§ **Your objective**
The job is to find each line of the records below that includes the word "Shirt" and copy it.

::: Raw data :::

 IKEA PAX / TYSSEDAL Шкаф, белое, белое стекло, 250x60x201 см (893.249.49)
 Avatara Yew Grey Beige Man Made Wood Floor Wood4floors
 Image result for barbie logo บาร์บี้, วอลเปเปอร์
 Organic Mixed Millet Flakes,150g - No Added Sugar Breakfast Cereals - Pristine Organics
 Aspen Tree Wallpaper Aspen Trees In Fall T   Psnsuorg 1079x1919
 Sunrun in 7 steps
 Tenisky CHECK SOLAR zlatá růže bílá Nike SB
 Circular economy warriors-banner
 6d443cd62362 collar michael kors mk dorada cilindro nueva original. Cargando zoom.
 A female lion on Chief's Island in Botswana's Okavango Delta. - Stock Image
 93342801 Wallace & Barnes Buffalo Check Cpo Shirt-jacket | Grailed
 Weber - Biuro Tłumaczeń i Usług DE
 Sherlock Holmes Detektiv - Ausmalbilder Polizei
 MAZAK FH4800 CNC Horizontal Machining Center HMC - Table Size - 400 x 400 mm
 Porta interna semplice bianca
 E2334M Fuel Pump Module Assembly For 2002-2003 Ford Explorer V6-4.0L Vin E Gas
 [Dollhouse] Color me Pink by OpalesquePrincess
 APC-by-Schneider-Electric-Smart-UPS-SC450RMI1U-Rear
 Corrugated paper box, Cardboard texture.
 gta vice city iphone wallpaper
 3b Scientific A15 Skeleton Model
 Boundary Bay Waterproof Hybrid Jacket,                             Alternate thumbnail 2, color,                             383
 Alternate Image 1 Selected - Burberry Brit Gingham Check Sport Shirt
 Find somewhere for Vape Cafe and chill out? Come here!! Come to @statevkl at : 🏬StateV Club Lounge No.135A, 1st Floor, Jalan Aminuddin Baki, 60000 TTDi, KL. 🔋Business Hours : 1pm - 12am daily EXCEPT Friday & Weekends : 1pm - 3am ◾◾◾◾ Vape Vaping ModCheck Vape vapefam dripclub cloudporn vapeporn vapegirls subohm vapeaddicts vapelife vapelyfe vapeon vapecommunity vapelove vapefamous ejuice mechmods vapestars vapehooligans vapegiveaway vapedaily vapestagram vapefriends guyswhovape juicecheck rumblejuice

:::

§ **Solution for this task**
 93342801 Wallace & Barnes Buffalo Check Cpo Shirt-jacket | Grailed
 Alternate Image 1 Selected - Burberry Brit Gingham Check Sport Shirt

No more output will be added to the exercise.